Au niveau des écoles privées, le Collège Saint-Sacrement de Terrebonne et le Collège L'Assomption arrivent en première et deuxième places suivis, ex-aequo, de l'Académie Antoine-Manseau Joliette et du Collège Esther-Blondin. L'institution jacobine s'était classée troisième l'an dernier devant son collègue joliettain. Au niveau régional, le Collège Champagneur de Rawdon se classe en sixième place, derrière une école publique, la polyvalente Jean-Baptiste Meilleur de Repentigny.
Dans Lanaudière Nord, l'école secondaire Joliette (Joliette High School) se classe à nouveau en tête du peloton du secteur public rejoint cette fois de l'école secondaire des Montagnes de Saint-Michel-des-Saints. Celle-ci effectue une remontée fulgurante notamment parce que son taux de promotion a fait un bond de 20 % en quatre ans pour atteindre 77,9 %
Les deux écoles secondaires ont des traits similaires: peu d'élèves, 330 pour l'école anglaise, 189 pour celle située en Haute-Matawinie. Ces élèves et ces professeurs se côtoient, se connaissent depuis des années.
La liste fait ensuite état des écoles Thérèse-Martin de Joliette, Des Chutes de Rawdon, De L'Érablière de Saint-Félix-de-Valois, De L'Achigan de Saint-Roch-de-L'Achigan, Barthélemy-Joliette, De La Rive de Lavaltrie et 27e sur 27, Havre-Jeunesse de Sainte-Julienne.
Le président du Syndicat de l'enseignement du Lanaudière, François Breault, estime que les palmarès sont inutiles et n'apportent rien au système d'éducation. «Si certains déploient autant d'énergie à les publier, c'est qu'ils doivent être lucratifs et servir certains intérêts.» Le Lanaudois fait référence aux nombreuses pages de publicité qu'achètent ces temps-ci les institutions privées en pleine saison d'examens d'admission.
C'est, ajoute-t-il, démotivant pour les parents, les jeunes et le personnel enseignant de lire, année après année, que l'école publique de leur localité est médiocre.
François Breault est en faveur des comparaisons aux niveaux appropriés. Lorsqu'une recette fonctionne dans une école, il faut évaluer les énergies qui y ont été consacrées et chercher à reproduire les formules gagnantes.
Le président de la Commission scolaire des Samares, François Charbonneau, constate pour sa part que les meilleurs écoles publiques du palmarès suivent la recette du privé: elles sélectionnent leurs élèves. Les écoles privées ont un taux de diplomation frisant 100 %. Un élève qui ne fonctionne pas au privé est, dit-il, encouragé à poursuivre ses études au public. Combien, se demande l'ex-enseignant, font le chemin inverse ?

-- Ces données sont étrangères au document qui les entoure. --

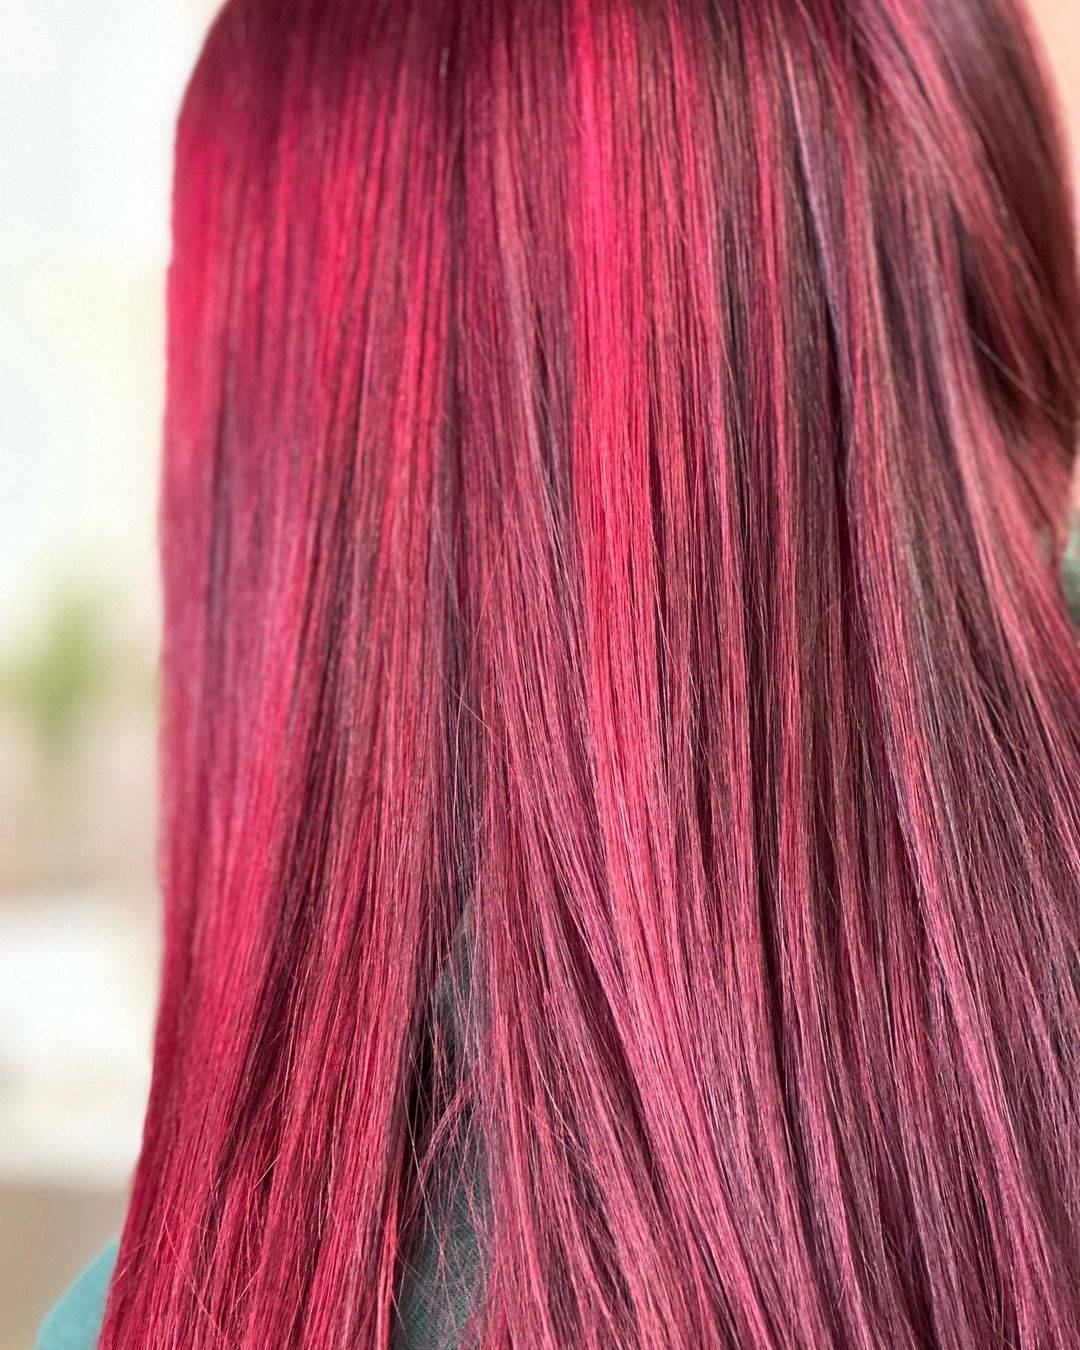 Burgundy hair color 366 burgundy hair color | burgundy hair color for women | burgundy hair color highlights Burgundy Hair Color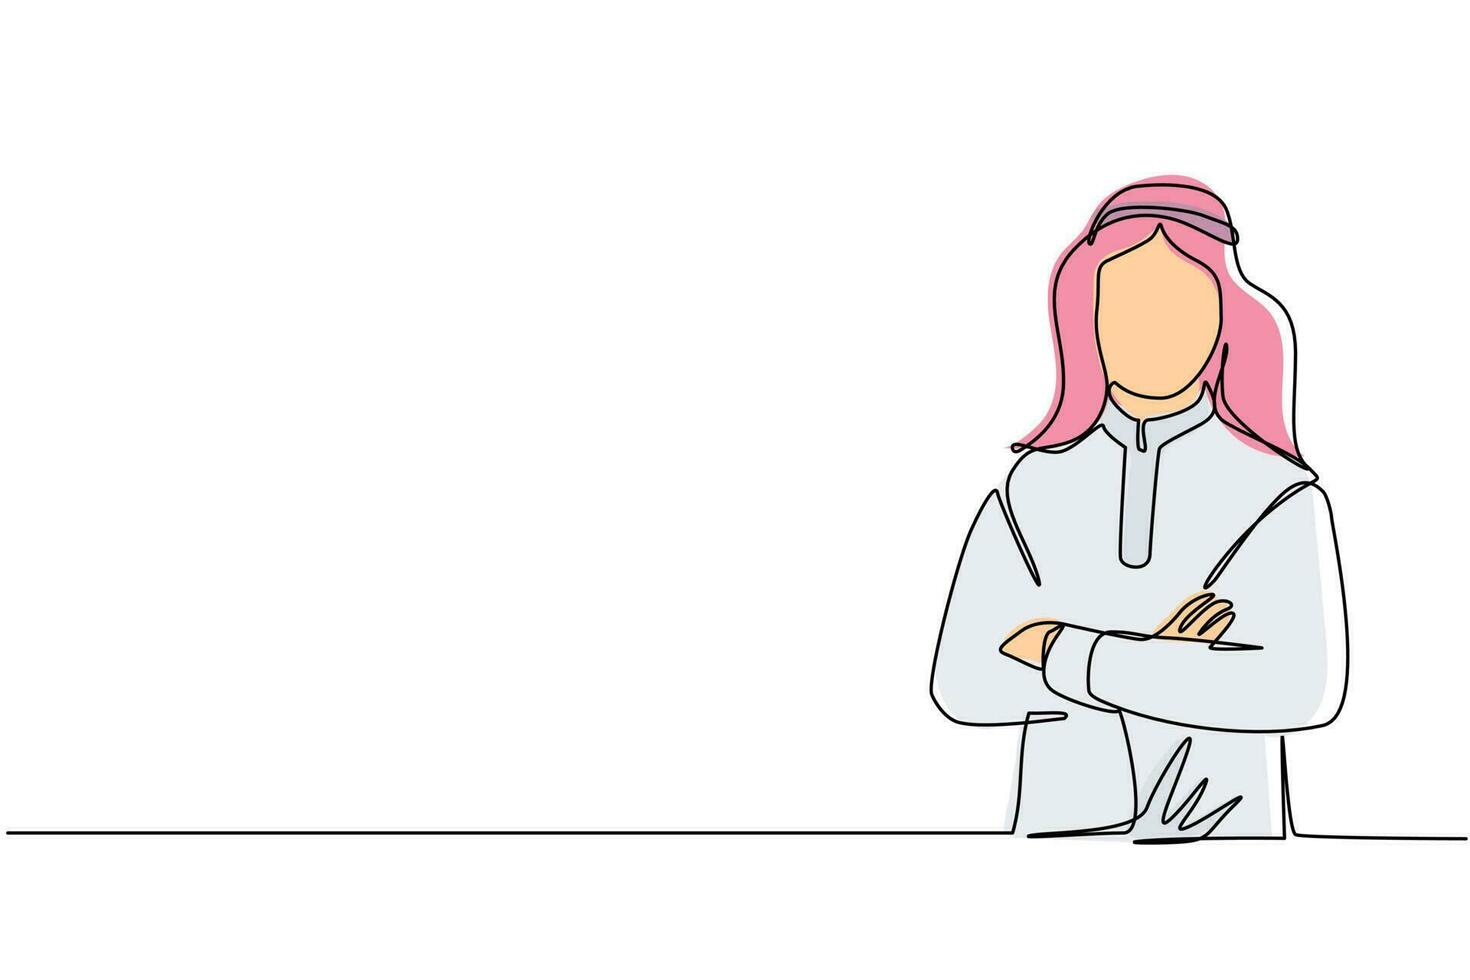 enda kontinuerlig linjeteckning leende självsäker arabisk man i traditionella kläder, hålla armarna i kors. aktiv affärsman stående med korslagda armar poserar. en rad rita design vektorillustration vektor

Les commissions scolaires, dit-il, connaissent bien les situations qui influencent les résultats comme le nombre d'élèves handicapés et en difficulté d'apprentissage. «Je ne comparerai pas une école à une autre. Je veux par contre que, d'année en année, nos écoles s'améliorent», a-t-il insisté.
Le directeur du Joliette High School, Robert Simpson, a été enchanté de retrouver son école en tête du palmarès. «Nos élèves proviennent de 21 localités lanaudoises, dont Entrelacs, Rawdon, Berthierville, certains même de Repentigny. Du primaire au secondaire, nous perdons peu d'élèves à cause des écoles privées parce que la plus proche, anglophone, est à Laval.»